* EXERCISE DIRECTIONS
Only the pictures are to be left out; please reproduce everything else in the data exactly.

#### MATERIAL PROVIDED ####

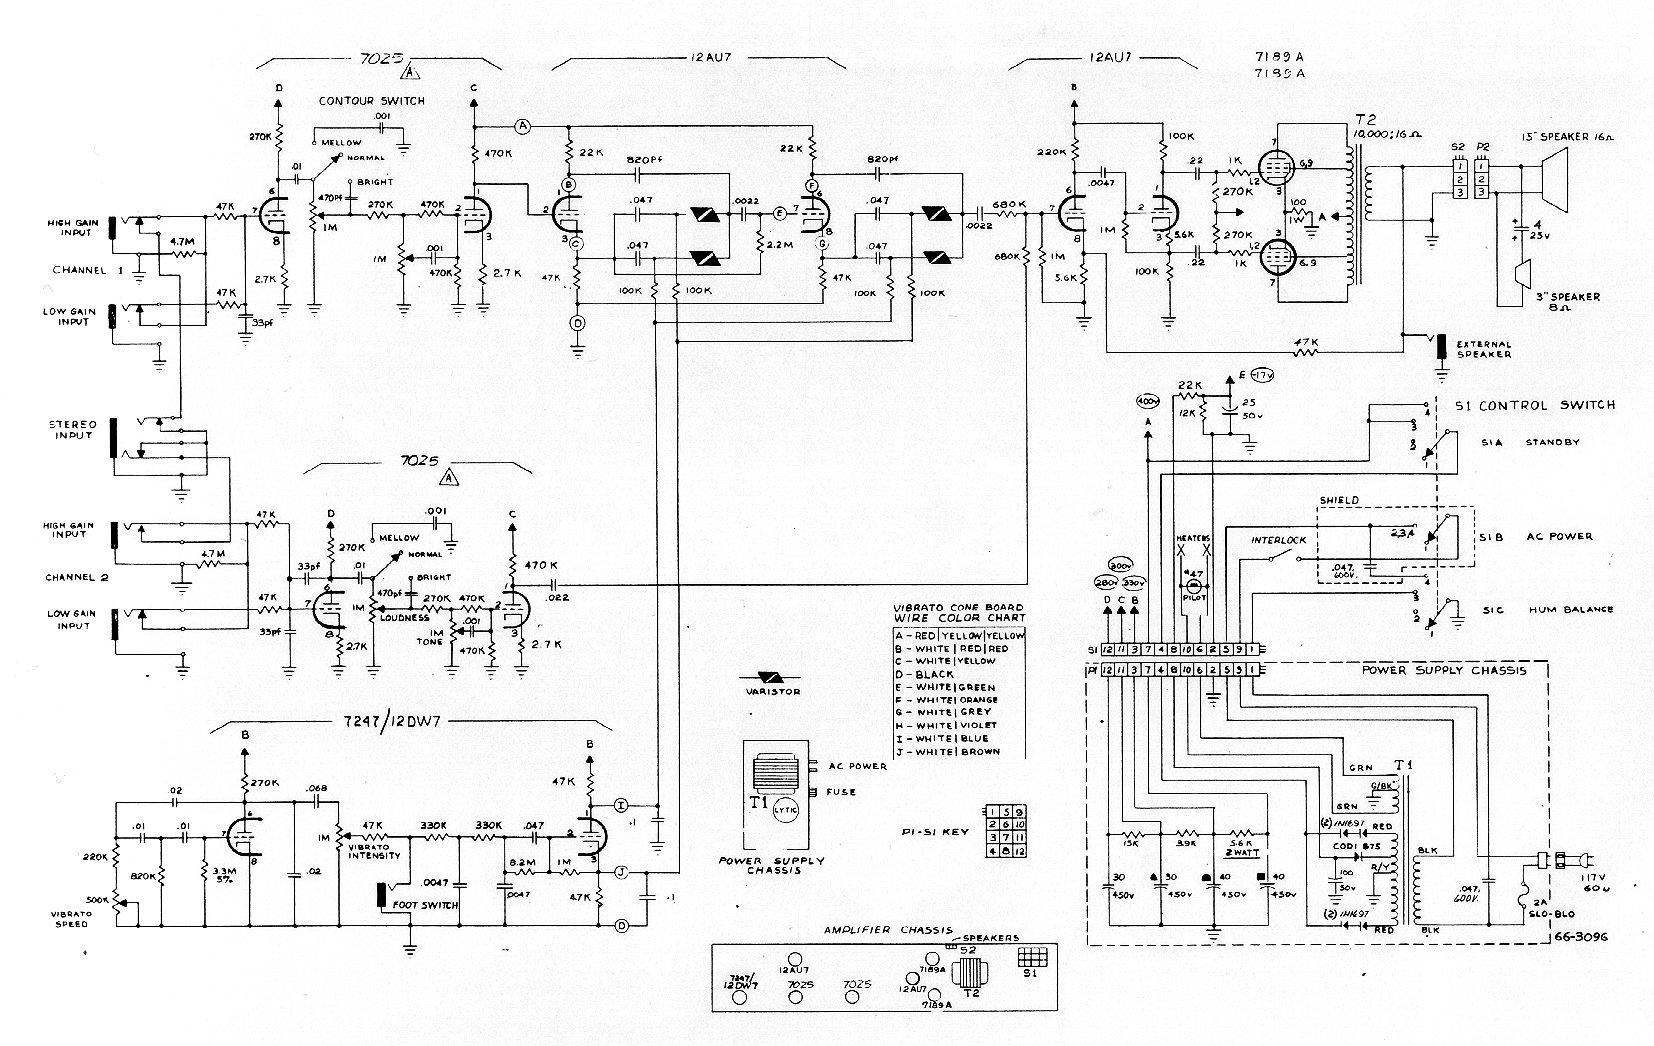 wrg 9423] magnatone amp schematic 1950s guitar amplifiers vintage magnatone amplifier schematic #12
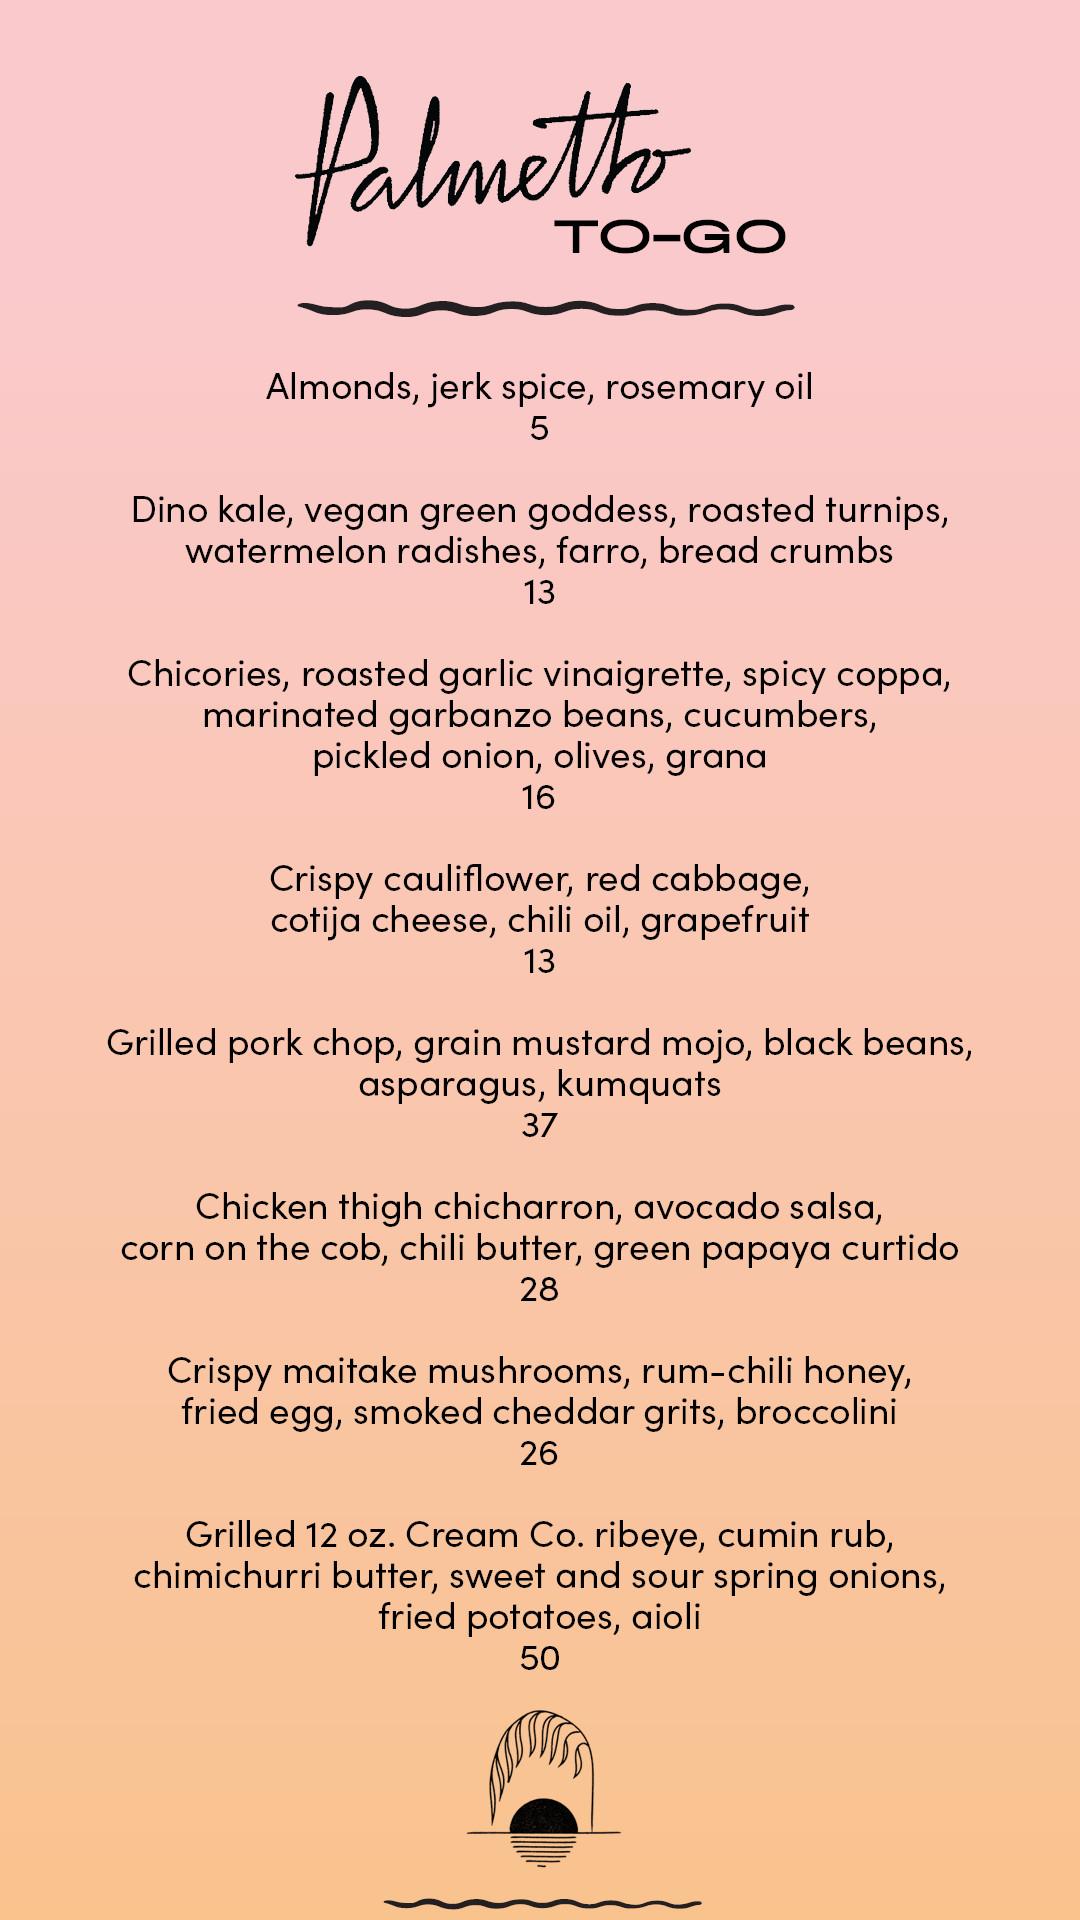 Palmetto takeout menu
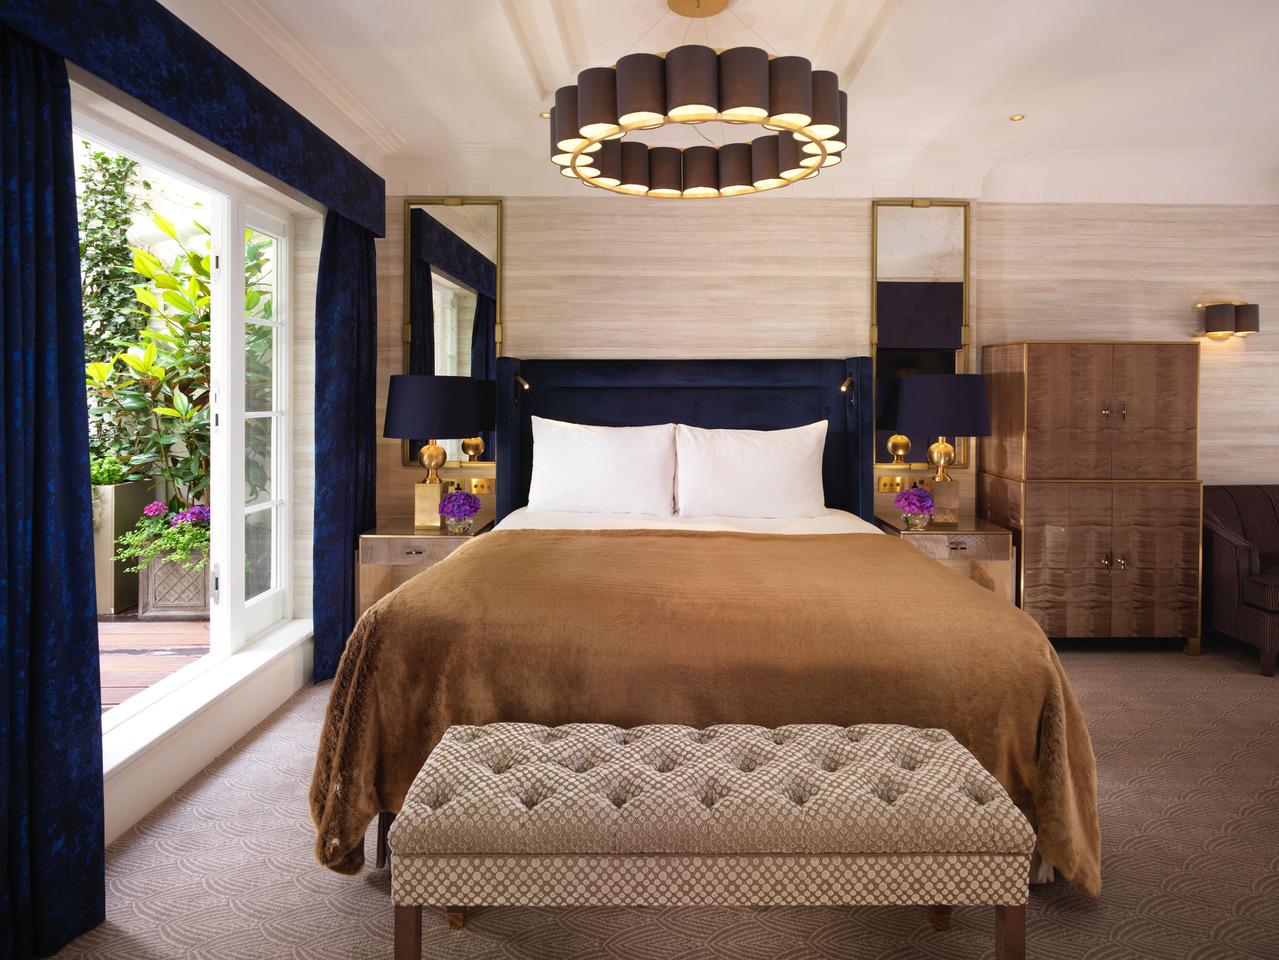 Flemings Mayfair Hotel room

####

* ANSWER FOR THE TASK
 wrg 9423] magnatone amp schematic 1950s guitar amplifiers vintage magnatone amplifier schematic #12
 Palmetto takeout menu
 Flemings Mayfair Hotel room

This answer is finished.